2、被告楊紫奎辯稱:伊是因楊明山稱找不到農場理事主席及場長,問伊可否以伊農場理事身分提起上訴,伊方同意蓋印,又伊並不知道理事會係決議就何件訴訟不上訴,所以,伊也未向楊明山提及此事云云;選任辯護人則為其辯護略以:(1)按司法院院解字第2936號解釋及最高法院49年台上字第2434號判例意旨可認,合作農場之理事,在民事訴訟法上,乃合作農場之法定代理人,且合作社法並無要求合作社之理事不可代表合作社對外行使權利之限制規定,足認被告楊紫奎之代表權並不受限制,而被告楊紫奎既得為清水合作農場法律上之法定代理人,自可代理告訴人行使民事訴訟上權利,是被告楊紫奎以清水合作農場名義提出上訴,符合民事訴訟法規定,何來偽造文書之問題?雖最高法院102年台上字第117號裁定認被告楊紫奎無權代表清水合作農場,但查依清水合作農場章程第五章組織以下規定,第26條僅規定理事推選其中一人為理事主席,至於理事主席是否代表清水合作農場,章程並未規定,依此以言,被告之理事權責,仍未受限制,故而仍可依判例所示,代表合作農場,足見最高法院前開裁定之見解,與判例有違,洵不可採。
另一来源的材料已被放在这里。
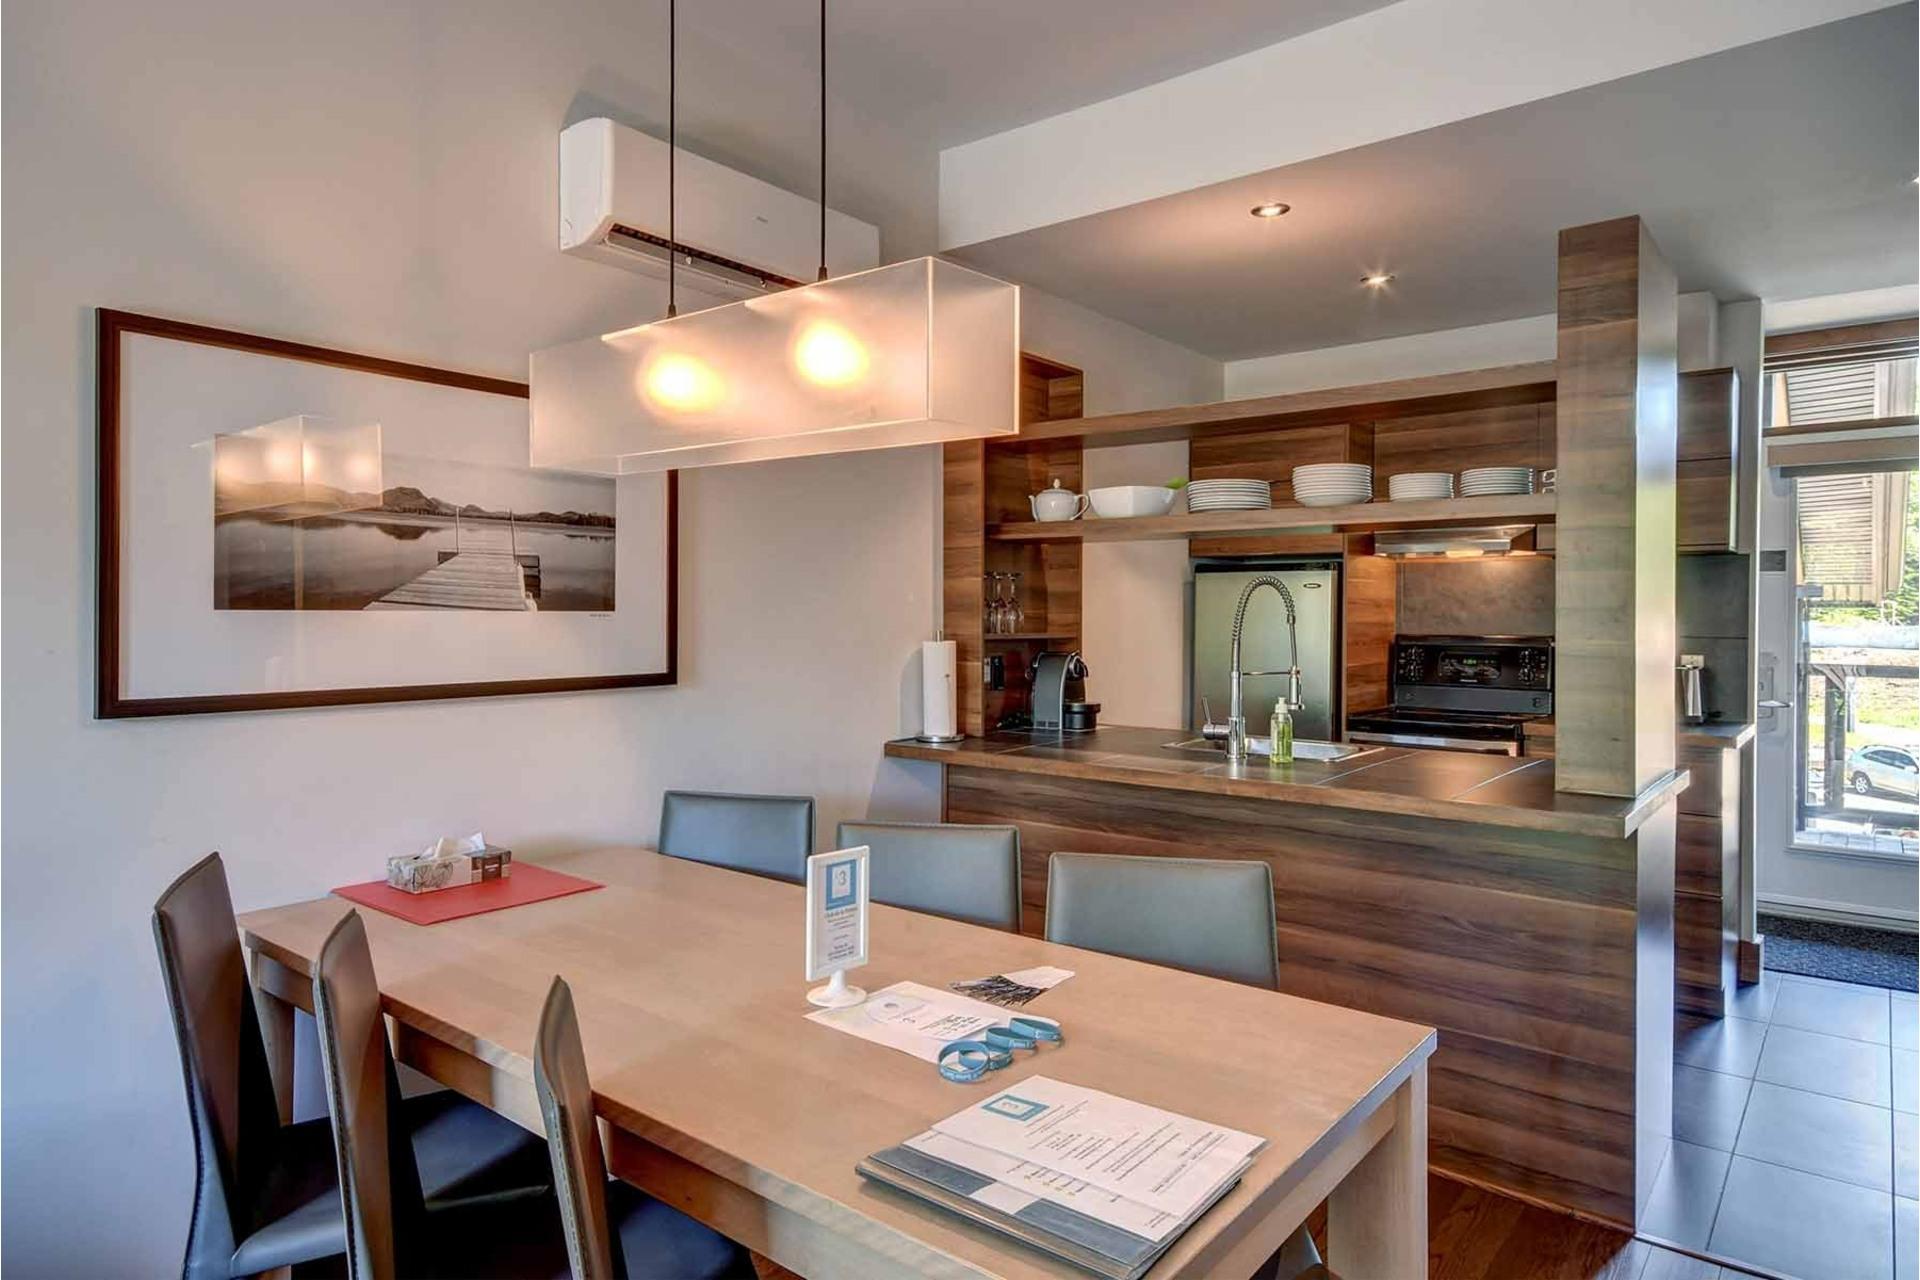 image 5 - Appartement À vendre Lac-Supérieur - 6 pièces

(2)又清水合作農場雖稱上訴至最高法院,需再支付裁判費,然查,就民事訴訟提出起訴或上訴,民事法院均會命補交裁判費,但原告或上訴人若不願支付裁判費用,其無庸交付,則民事法院自會裁定駁回;再者,依最高法院53年台上字第3173號判例意旨可知,當事人提出上訴,二審法院或三審法院均僅能在當事人聲明範圍內為之,不得變更原判決,致令上訴人更為不利,故而司法實務上,律師接獲敗訴判決時,為爭取於法定上訴期間內之時效,常會代上訴人提出上訴,如此一來,上訴人可擁有選擇上訴而交裁判費或不上訴,任令判決確定之權利,故以本案而言,被告楊紫奎代清水合作農場提出上訴,於法律利益而言,僅會更有利於清水合作農場,並不會對清水合作農場產生不利益,至於裁判費問題,清水合作農場亦可選擇不交裁判費,而致使全案確定,況裁判費部分,亦係由共同被告楊明山代為交納,清水合作農場有何不利益?堪認被告楊紫奎以清水合作農場名義提出上訴第三審,並未致生損害於清水合作農場之利益,故依最高法院49年台非字第18號判例意旨,本件尚難構成刑法上之偽造文書罪。(3)再者,依共同被告即證人楊明山所證述「我是嗣後補蓋農場的印章。」等語,既然被告楊紫奎係蓋章在先,共同被告楊明山蓋用清水合作農場之章在後,則兩人間又有何所謂「犯意聯絡」可言?是被告楊紫奎與共同被告楊明山間亦不具共犯關係。(4)綜上,被告楊紫奎僅係以清水合作農場理事之身分,代農場履行與被告楊明山間所簽訂之98年7月23日協議書第5點約定,而代清水合作農場委任被告楊明山為訴訟代理人,並無冒用顏朝雄個人名義或其他不法情事,爰請諭知被告楊紫奎無罪判決等語。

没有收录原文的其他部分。